> **EXERCISE DATA**:
====

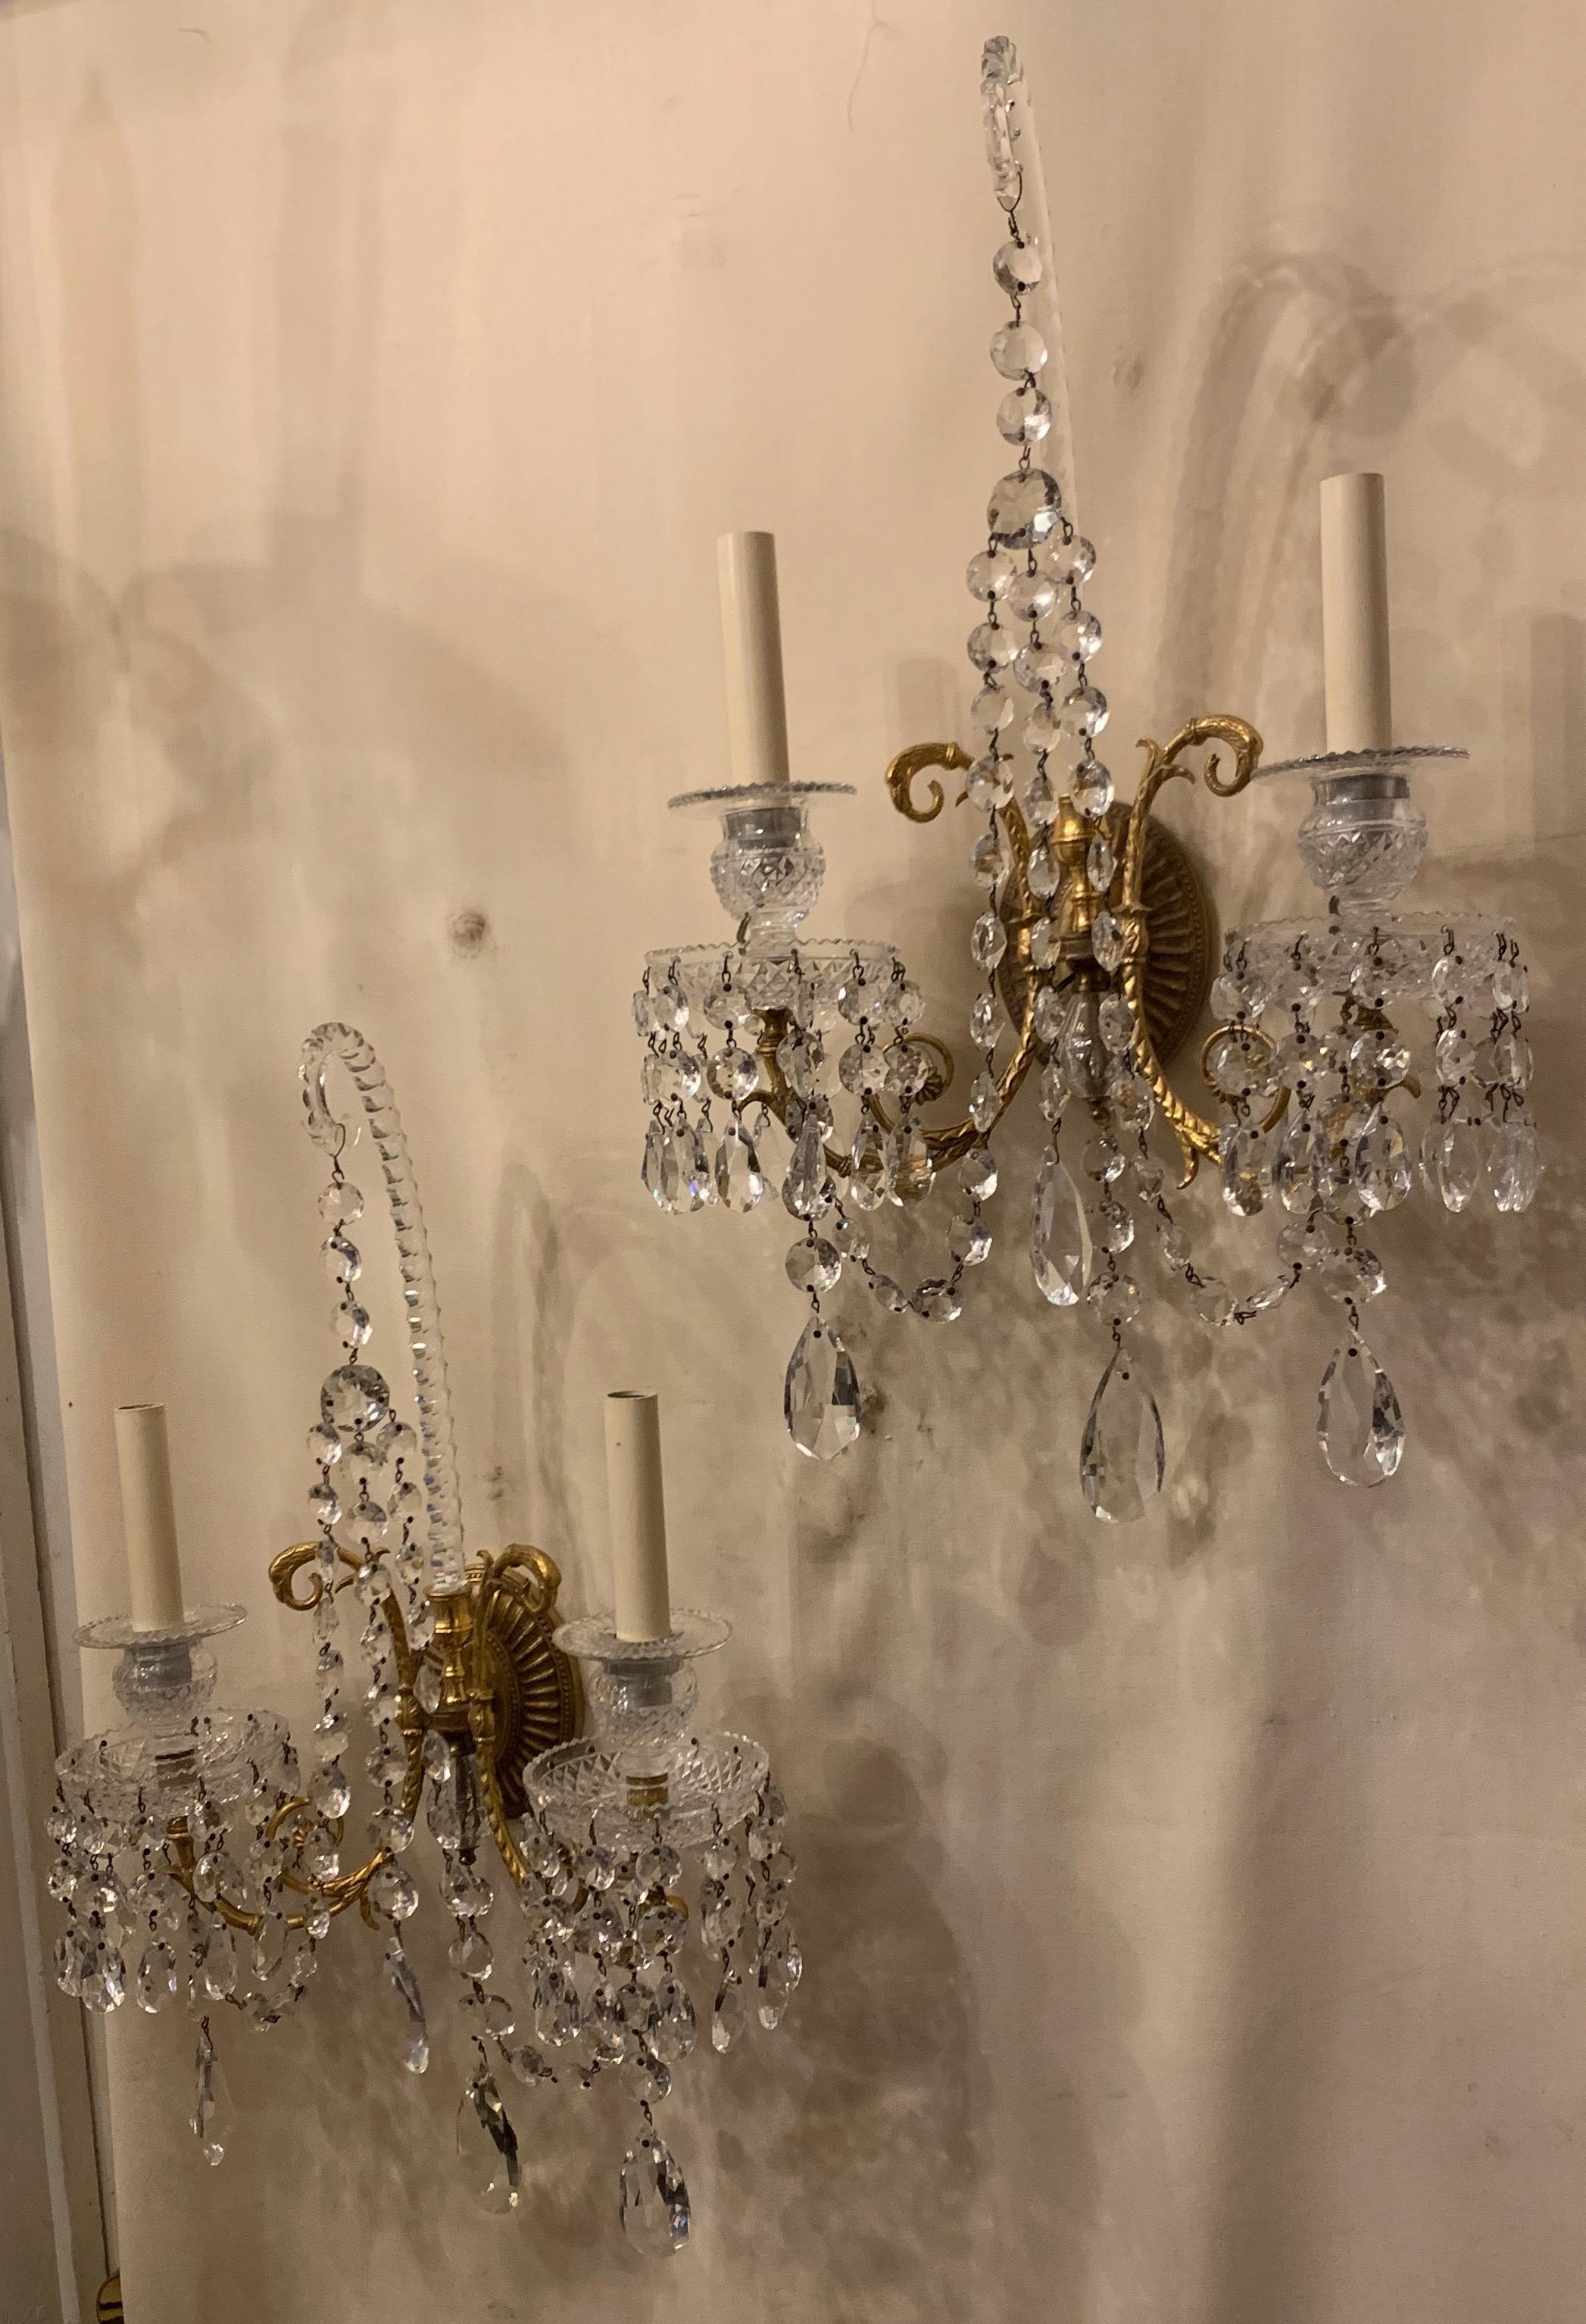 Wonderful pair of French doré bronze and crystal neoclassical, Regency, Empire two-light candelabra sconces
Rewired and ready to enjoy.
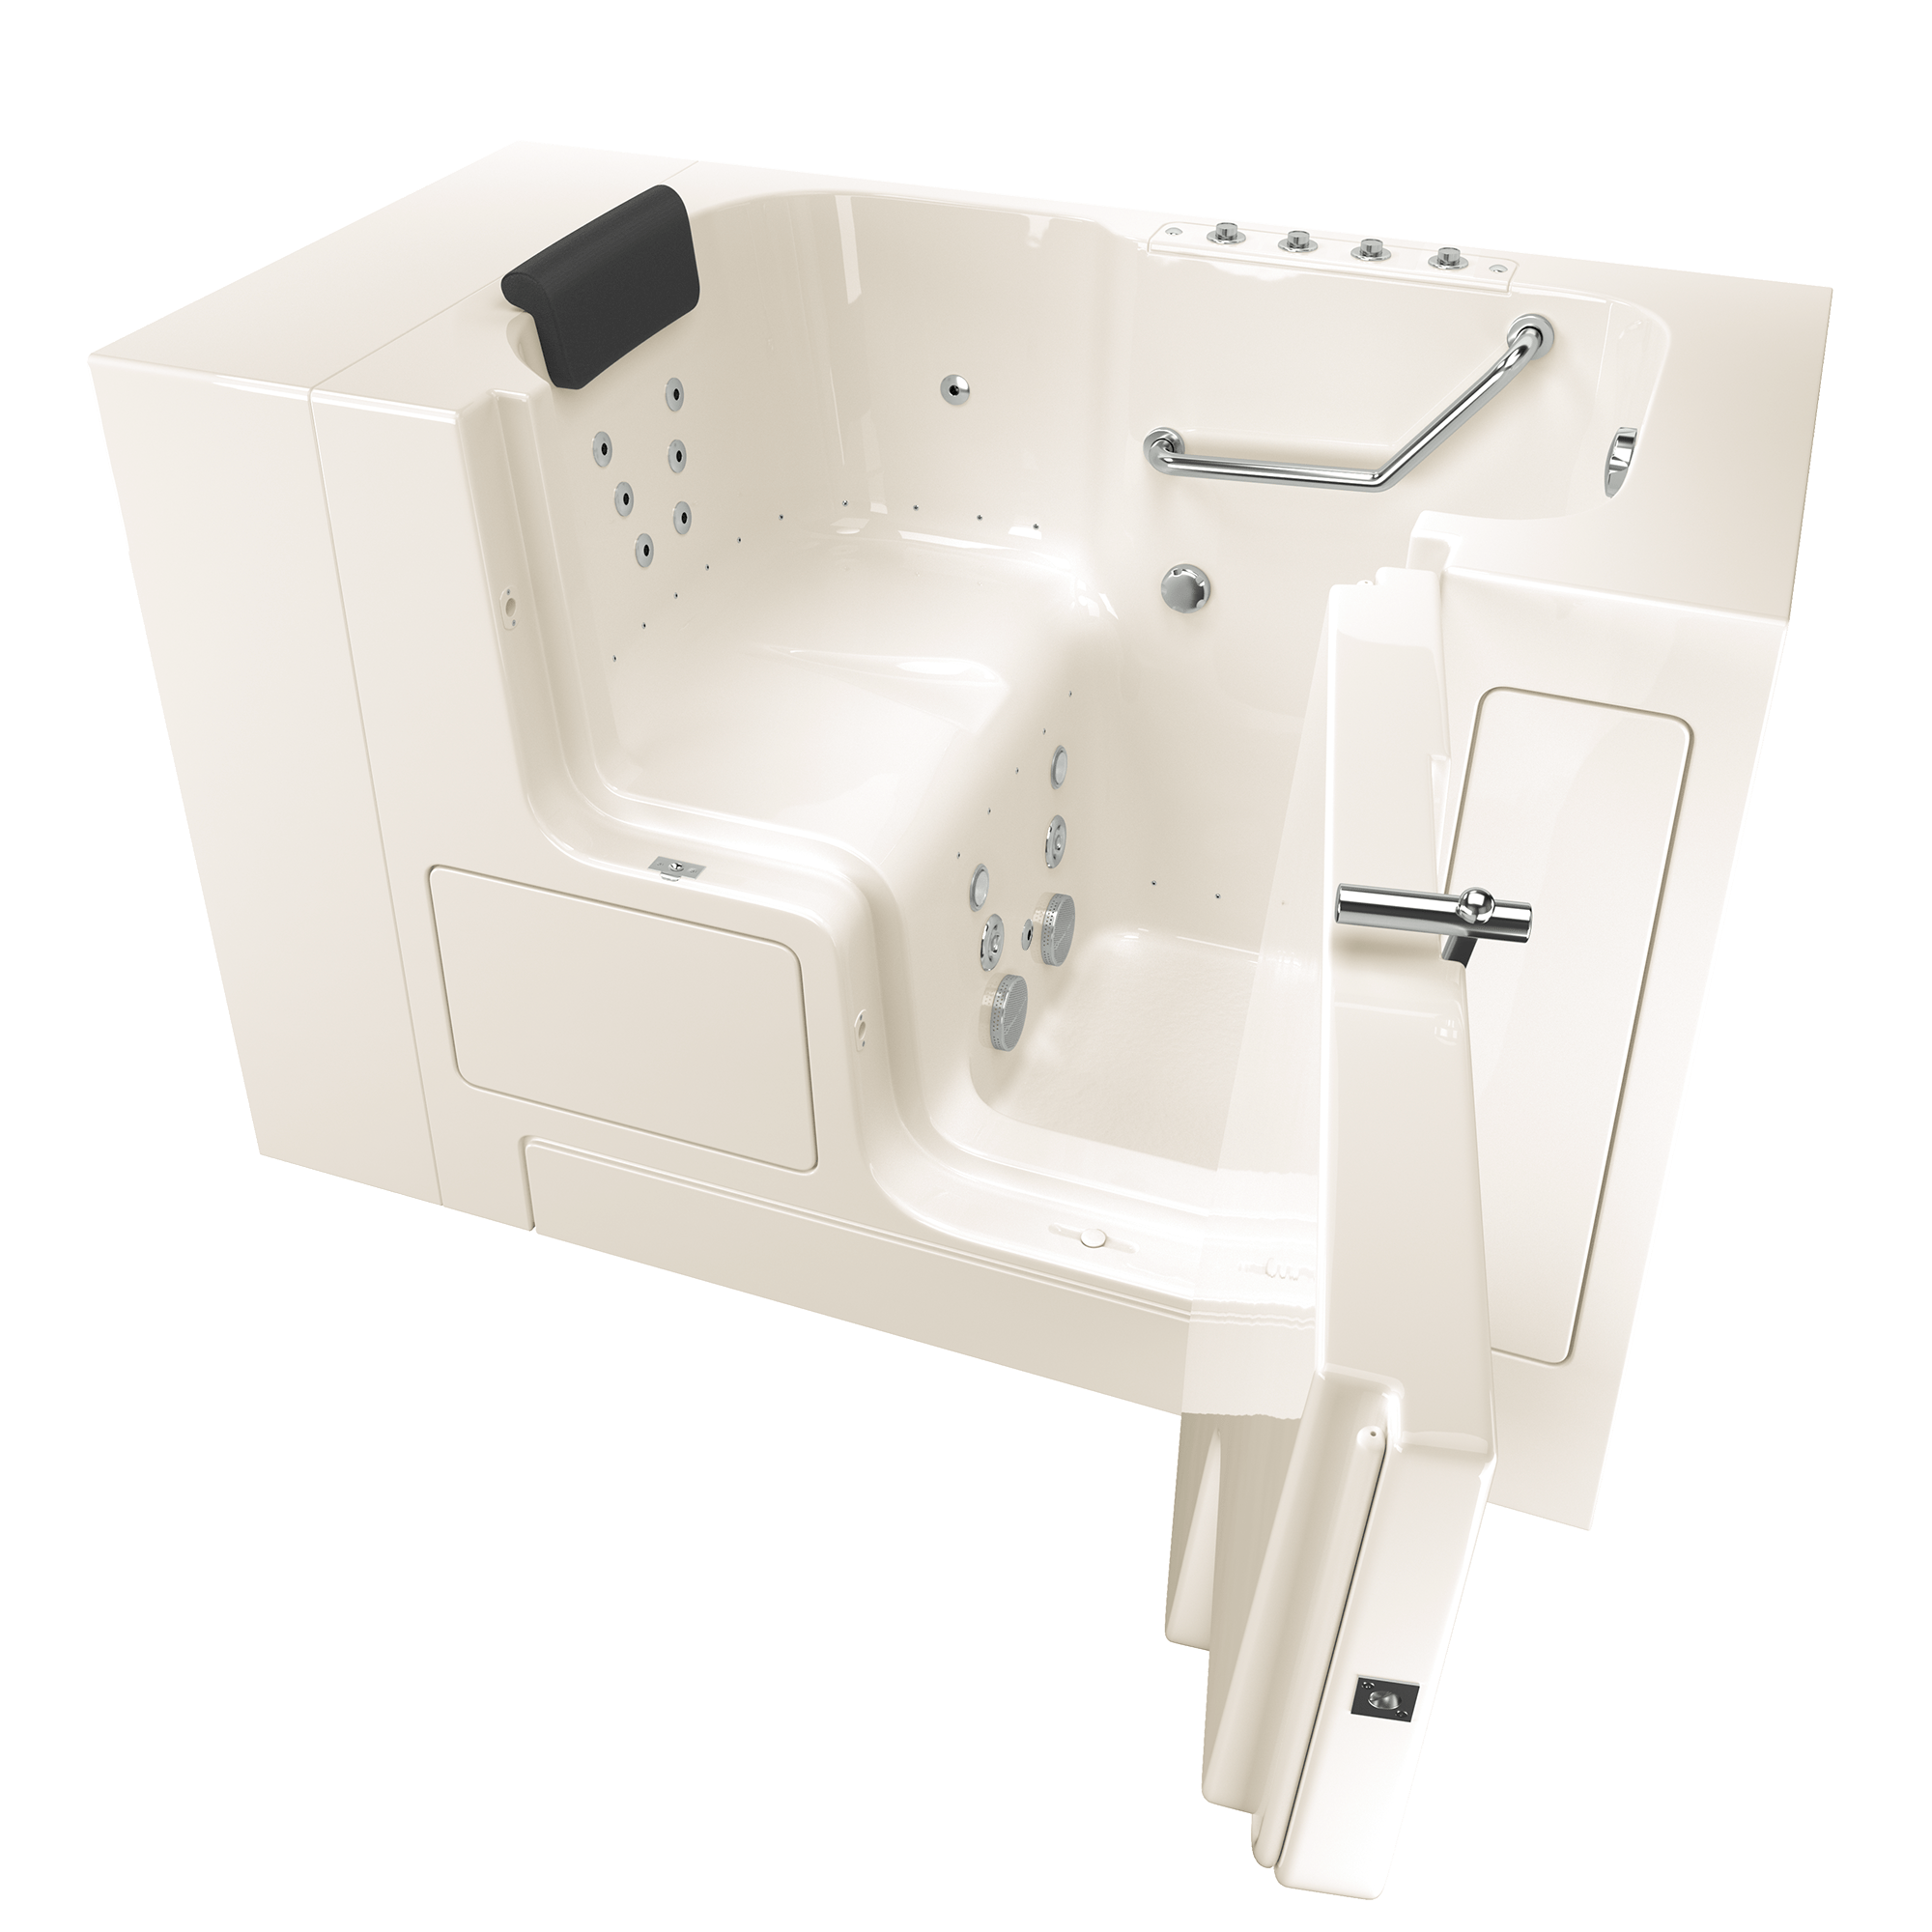 Gelcoat Premium Series 32 x 52 -Inch Walk-in Tub With Combination Air Spa and Whirlpool Systems - Right-Hand Drain

====

> **TASK REQUIREMENTS**:
Retype all of the material above exactly; the pictures stay out.

> **SOLUTION TO THIS EXERCISE**:
 Wonderful pair of French doré bronze and crystal neoclassical, Regency, Empire two-light candelabra sconces
Rewired and ready to enjoy.
 Gelcoat Premium Series 32 x 52 -Inch Walk-in Tub With Combination Air Spa and Whirlpool Systems - Right-Hand Drain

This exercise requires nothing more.